There are two ways to solve this. One way is that you could change the second function argument’s type to be struct node**
, i.e., a pointer to the pointer. That could work, but it can get kind of messy and difficult dealing with a pointer to a pointer in our code.
Instead, we can use the return value from the function, as a way of passing the pointer to the newly-created node back to the place where this function was called, like so:
// correct version: returns a pointer to the new list
struct node* add2front(int val, struct node* oldlist) {
struct node* temp = calloc(1, sizeof(struct node));
temp->data = val;
temp->next = oldlist;
return temp;
}
Now in your program you have to use this return value! Typically, if you have your linked list defined as
struct node* LIST;
inside main
, then you would write
LIST = add2front(3, LIST);
to add a new node with value 3 to the front of LIST
. Notice that the pointer variable LIST
shows up in two places in that line of code - once as the argument to the function (the “old list”), and once as the left hand side getting the new front of the list assigned to it. This is a very common pattern in functions that manipulate linked lists, so learn to love it!
Armed with thie add2front
function, the very tedious example above of making a linked list with 4 numbers can be done much, much more simply:
struct node* LIST = NULL;
LIST = add2front(4, LIST);
LIST = add2front(53, LIST);
LIST = add2front(42, LIST);
LIST = add2front(87, LIST);
Which results in the following picture:
Notice: we added the elements to the list in reverse order from how they ended up! Since we are always adding to the front of the list, the last thing we add has to be the first thing in the list.
3 Linked lists with loops
So far we can add things to a linked list one at a time and access linked list elements one at a time. To make useful programs, we want to be able to do this many, many times depending on how long the list is. At first, we’ll look at some examples of doing this with loops. Later we’ll see how to do all the same tasks using recursion instead, which can be much easier in many cases.
3.1 Traversing a list
We’ll start things off by looking at the simplest of programs: read and store ints in a linked list, then print the values stored in a list.

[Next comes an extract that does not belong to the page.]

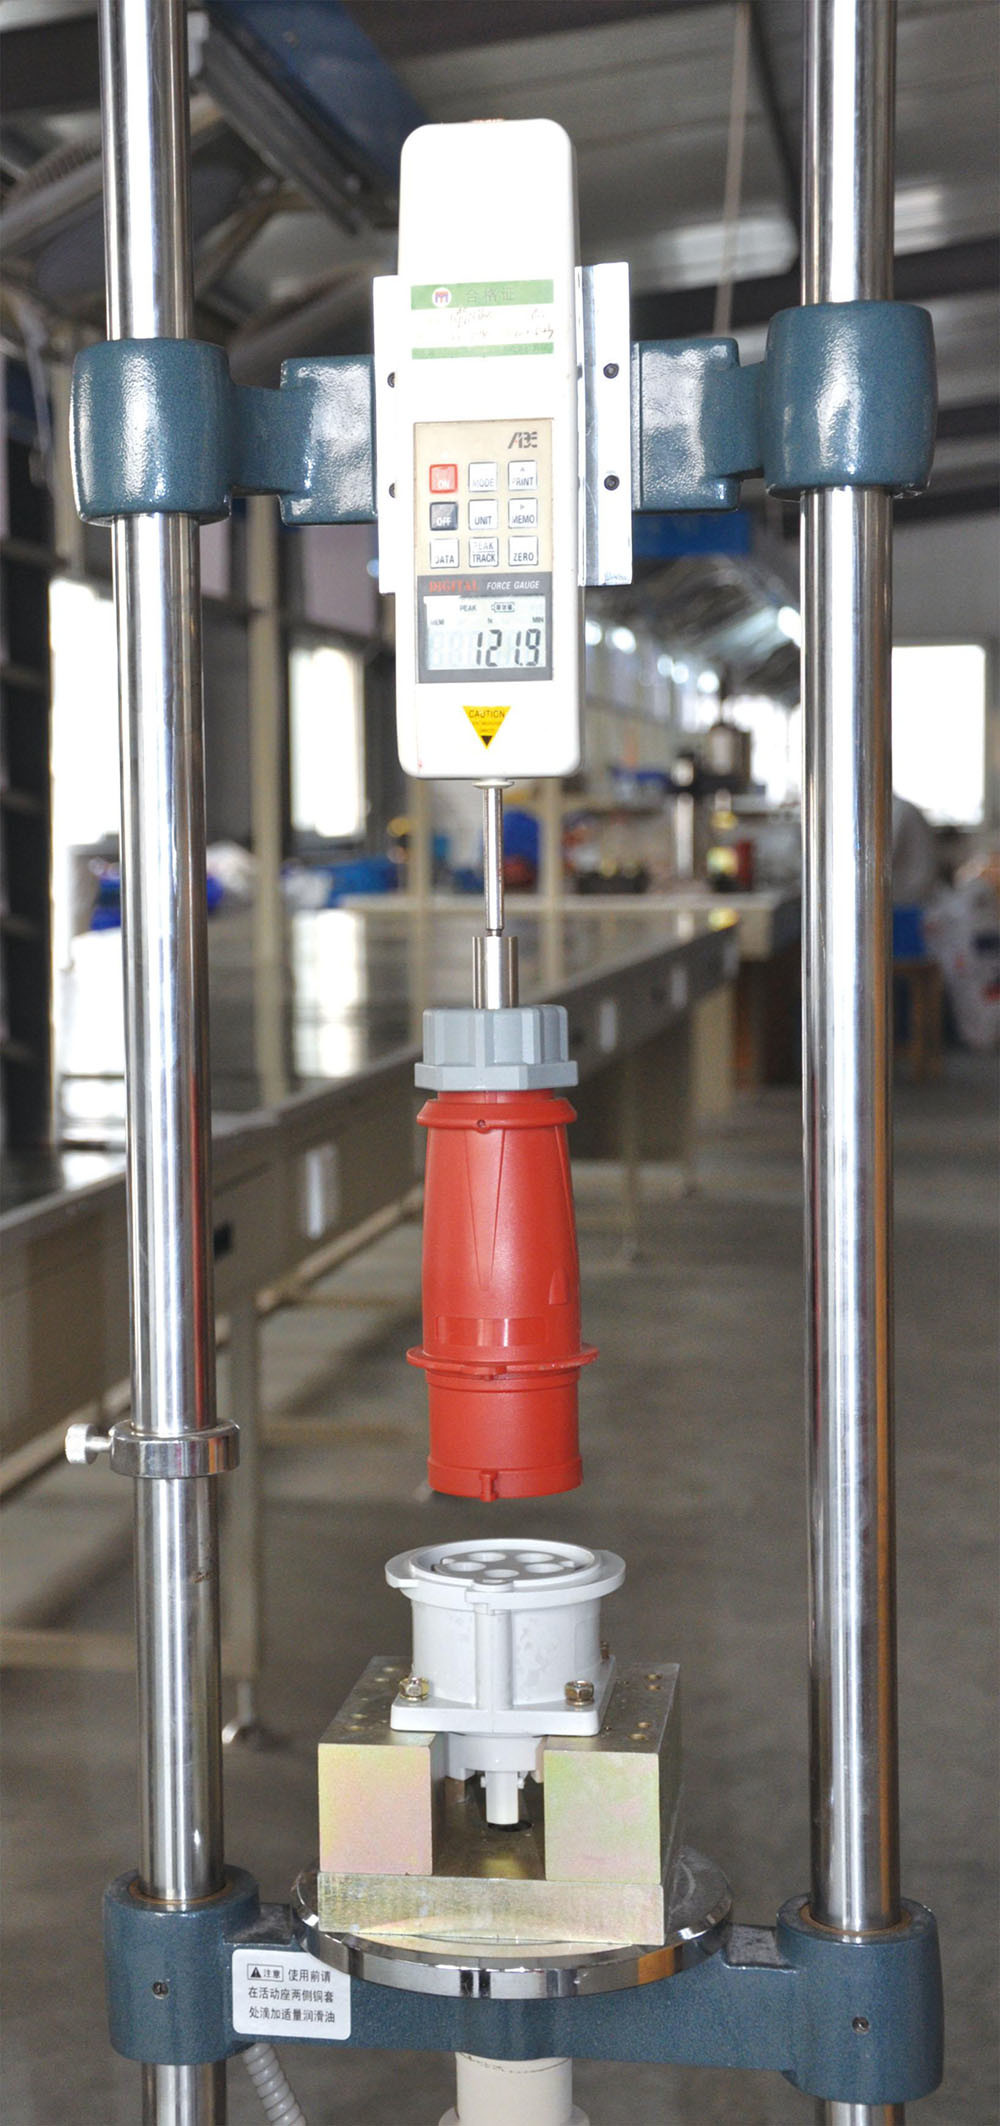 IP67 32A 2p+E Cee Waterproof Industrial Plug

Printing a list, and indeed most things you do with a linked list, involves traversing a list – which means visiting each node in the list, in order. Doing this iteratively means using a temporary pointer that points to the first node originally, then moves to point to the second node in the list, then moves to point to the third, and so on.
struct node* cur = L;
while(cur != NULL) {
// do whatever you have to do
cur = cur->next;
}
The last line of the while-loop body, cur = cur->next;
is what moves us from one node to the next.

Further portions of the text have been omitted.